Who are the trusted vendors/sites?


----------



## Nimble (Aug 31, 2014)

For the most part, you can only show fish that you've bred yourself. There IS a category for 'purchased fish' in many IBC shows, however.


----------



## hrutan (Jun 25, 2014)

Yeah, you can show under "purchased fish" and see how well your fish does before breeding him.

Basically, there is NOWHERE where you can trust that the fish you are buying is of show quality. There are good places to buy from, but it is up to the buyer (you) to determine if the form of the fish is acceptable or not.

I typically buy from Aquabid. The other big thing is Ebay. Pay close attention to the reviews of the seller... if you see 90% good reviews remember that means 1 out of every 10 people that left a review had a bad experience ... but READ the reviews as well, some people will leave a negative review for the silliest things.
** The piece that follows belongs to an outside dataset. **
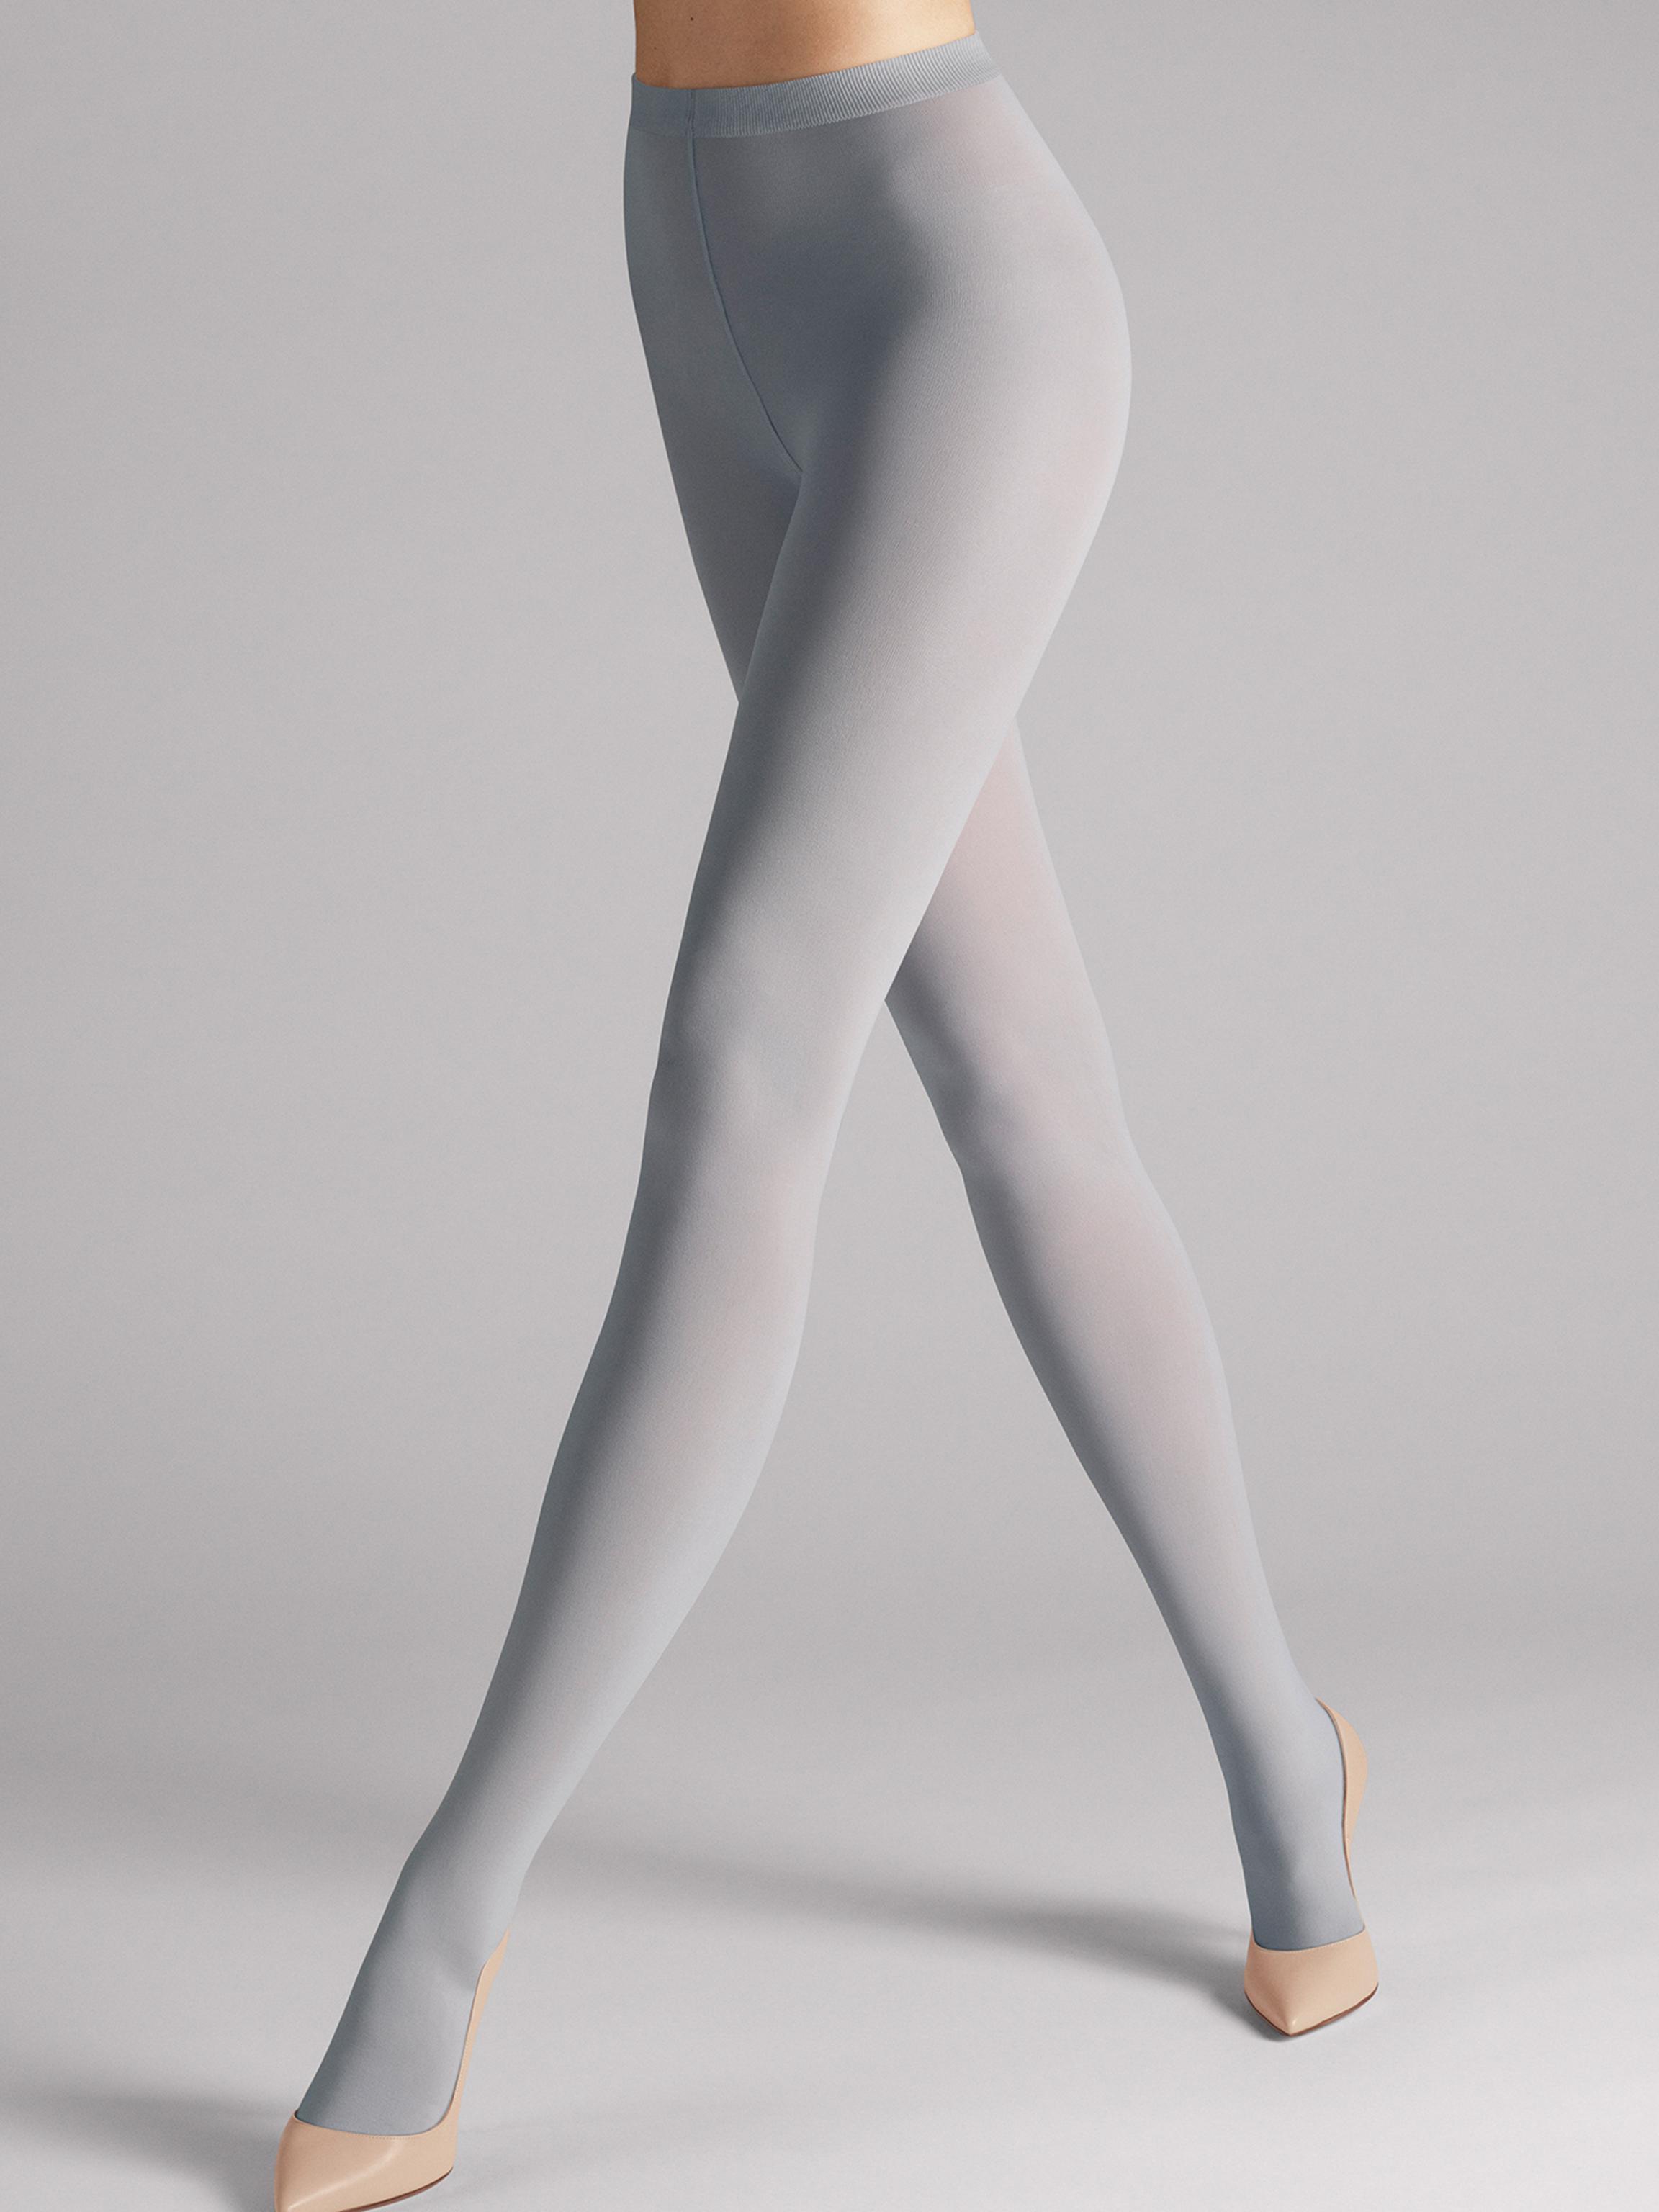 Velvet de Luxe 66 - 7493 - S

The IBC is updating their website, and when that is complete (in 1-2 months), the IBC standards will _finally _be available for the public. That should make your quest easier.


----------



## Kaza (Feb 9, 2015)

When I first started with this aspect of the hobby I would visit Aquabid and I would look at E Bay However Most fish lately sold on AB are all Thai bred and bred for colors and eye catching sellers terms instead of actual form when I started to notice this I did alittle networking and alittle bit of research Indonesia is at the top of its game from Giants to Crowntails if you want Form Indonesia has what your looking for Join The Betta Connection Sales Page on Facebook and Give it a look over the overall form on these fish are way higher quality then the colorful pet quality we are all seeing lately outta Thailand and Aquabid you can find a show quality fish on AB however it will cost you around 120 dollars by the time the Auctions over


----------